Non hanno più la casa, non hanno più i parenti.
Li ospita una tenda, poi si vedrà.
I tre di questa famiglia
non hanno nemmeno la forza di parlare"

... Così Antonina Gusso nel suo tema:
' A Montevago non ci sono divertimenti, né cinema, il cinema è nei paesi vicini. Ma è un paese bello anche senza divertimenti, chi c'è nato ci vuole morire, anche se non c'è divertimento'.
Avrebbero parlato e come, i ragazzi della prima B, nei loro temi, dell'eroe di Montevago, se i temi non fossero di due anni fa, quando l'eroe era un semplice carabiniere.
Quel carabiniere, Giuseppe Giordano, che recentemente ha meritato plauso e gratitudine arrestando con azione audace i due banditi Cavallero e Notarnicola.
Montevago organizzò festeggiamenti in suo onore, il sindaco gli appuntò sul petto una medaglia d'oro.

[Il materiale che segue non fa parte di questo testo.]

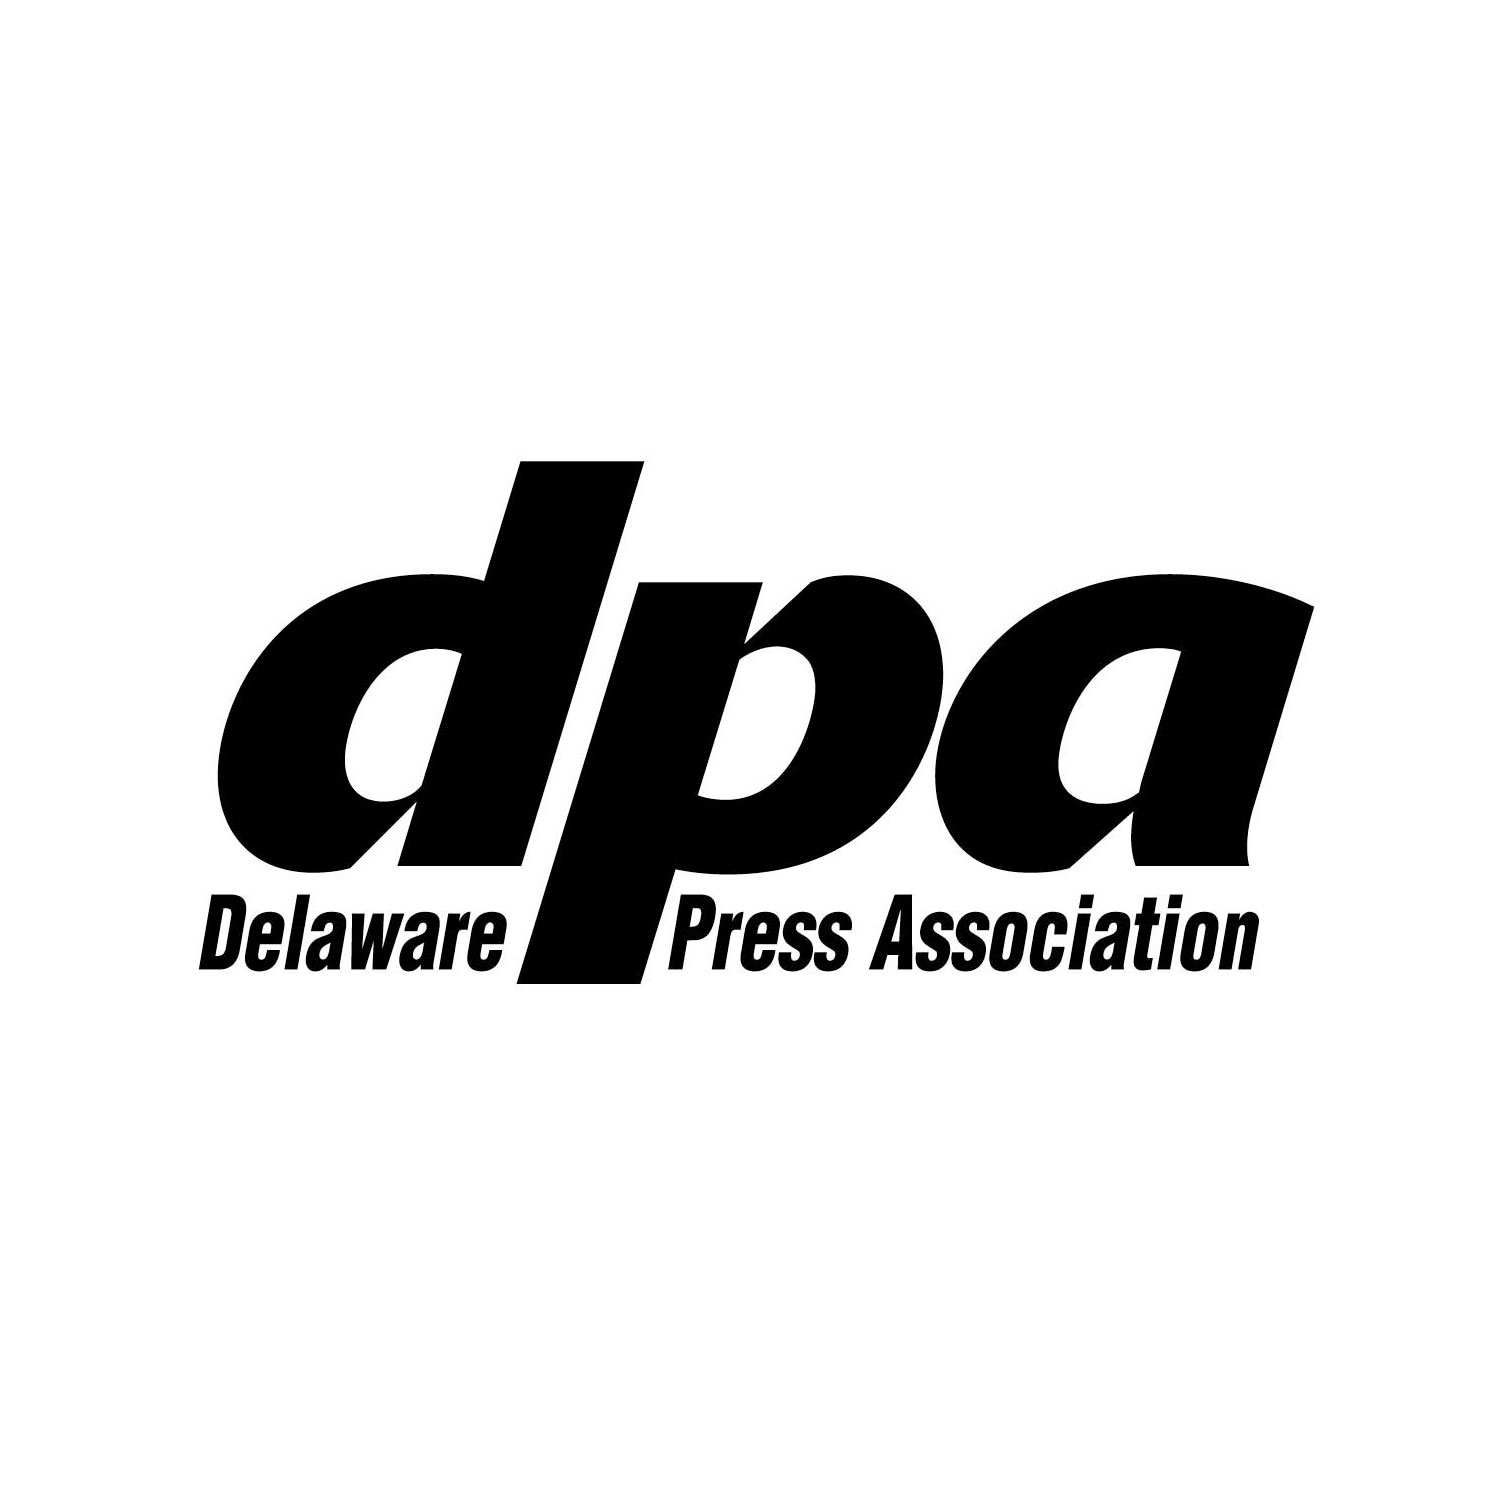 De pressed. Логотип dpa. Dpa агентство. Deutsche presse-Agentur логотип. Эмблема dpa.

"Il vitello era appena nato
quando si è avuta la prima scossa.
La stalla è crollata ma un soldato,
scavando faticosamente tra le rovine,
ha estratto il vitello dalle macerie e l'ha portato in salvo"

Ora il carabiniere Giuseppe Giordano è tornato al paese, per identificare il padre e due fratelli morti sotto le macerie.
Le strazianti immagini che abbiamo negli occhi, non ci impediscono di sorridere leggendo l'ultimo tema, quello di Geronimo Galanti, che a un certo punto dice:
'... Al mio paese, Montevago, si vive tranquilli e felici, l'aria è buona, si sente l'odore dei fiori, a Montevago vivono più di cento anni come la signora Giuseppina'.
La signora Giuseppina aveva 104 anni. E' rimasta alcune ore sotto le macerie, l'hanno tirata fuori che sembrava sana e vispa, ma poi è morta anche lei".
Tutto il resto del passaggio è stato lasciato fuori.